Martin Kadzere Senior Business Reporter
COMMERZBANK AG has asked local financial institutions to close their nostro accounts with the Frankfurt-based financial services group, banking sources have said.

Nostro accounts are foreign currency accounts of a bank opened abroad for settling transactions involving international movement of funds such as exports and imports.

Sources said the local financial institutions have been given notices to move their funds.

Commerzbank is the second largest bank in Germany and the state owns 15 percent stake.

“Normally, they don’t provide reasons but local banks are already acting as per their order,” said one source who requested not to be identified because the matter is confidential.

“But there is suspicion that Commerzbank no longer wants to deal with local banks because of sanctions and suspected money laundering activities.

“As a result, local banks will not be able to facilitate international transactions such as payments of imports.

“They will also not be able to secure lines of credit from the bank. A number of local banks have been given up to the end of February to wind up transactions.”

Another source said the Commerzbank might be taking a precaution to avoid punishment. Local banks are required to keep not more than 10 percent of total deposits in nostro accounts.

No comment could be obtained from Reserve Bank of Zimbabwe governor Dr John Mangudya by the time of going to print yesterday.
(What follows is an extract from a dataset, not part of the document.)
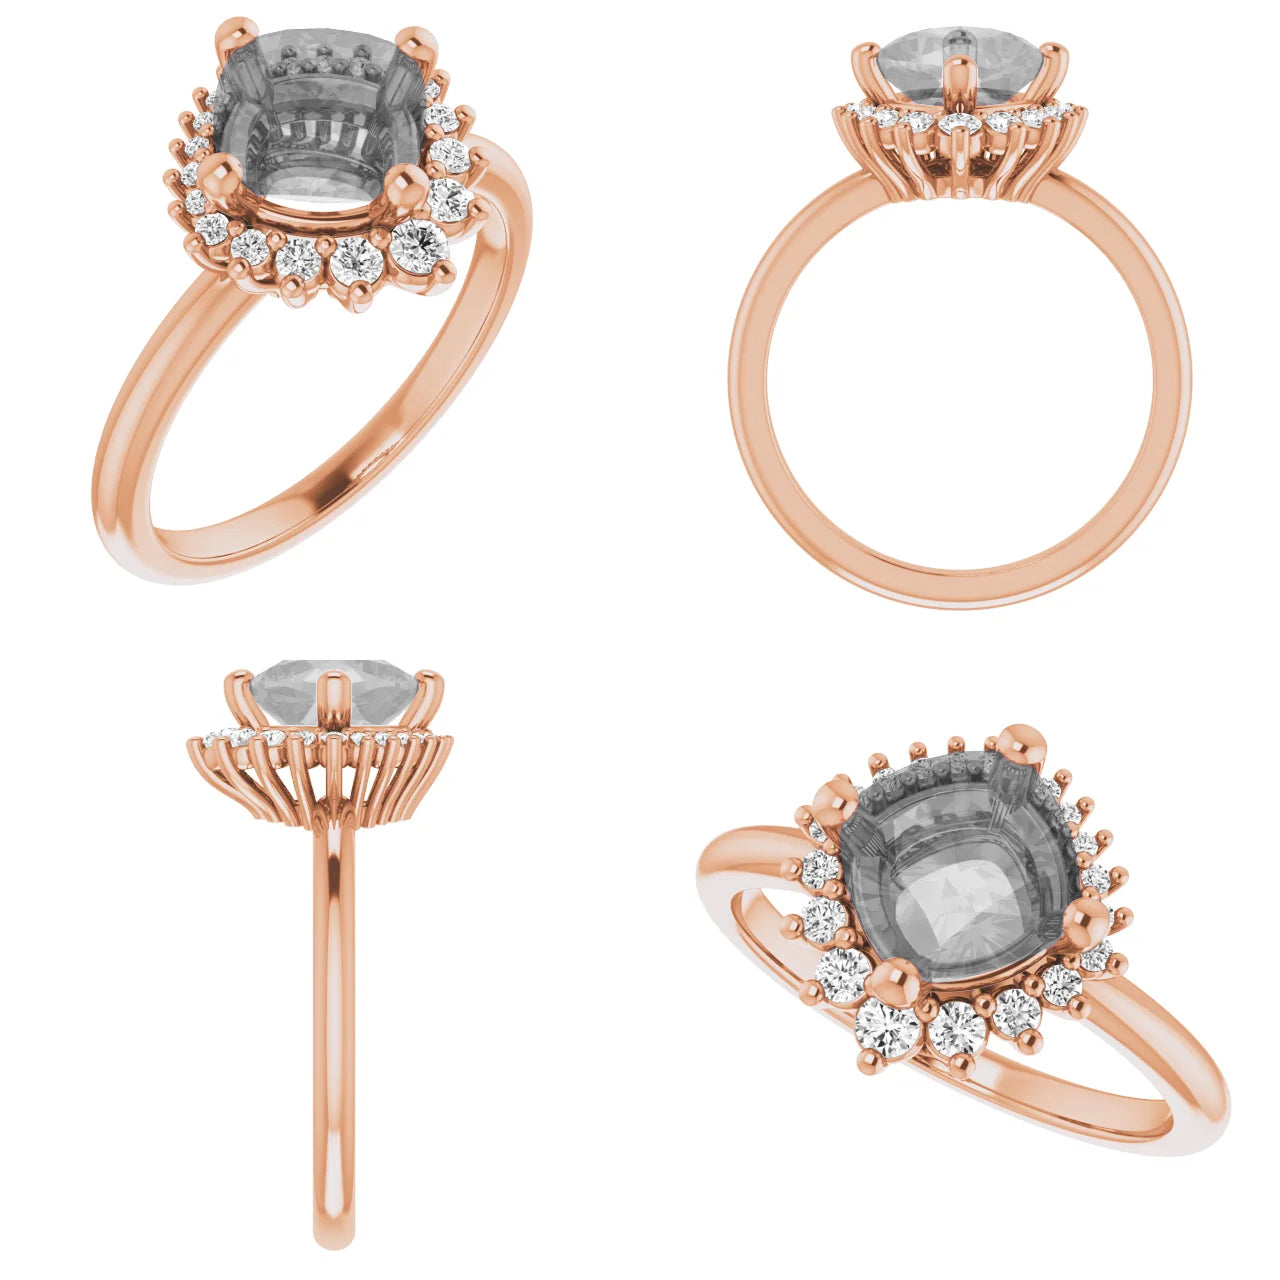 Eleanor Setting - Midwinter Co. Alternative Bridal Rings and Modern Fine Jewelry

The Bankers Association of Zimbabwe declined to comment saying the matter was more of a regulatory issue.

Last week, Barclays Plc was fined $2,5 million by the US Department of Treasury for processing transactions of companies, individuals and “related parties” on its sanction list.

The US Department of the Treasury’s Office of Foreign Assets Control said in an enforcement release that Barclays, through its units in New York, the UK and Zimbabwe, helped the Industrial Development Corporation of Zimbabwe, a state-owned development institution, and individuals linked to IDCZ, process 159 funds transfers valued at around $3,4 million between July 2008 and September 2013, according to US Treasury.

The EU and the US imposed illegal sanctions on Zimbabwe in 2002 and 2003 respectively following their fallout with Harare. The Government estimate the total impact of sanctions is close to $40 billion.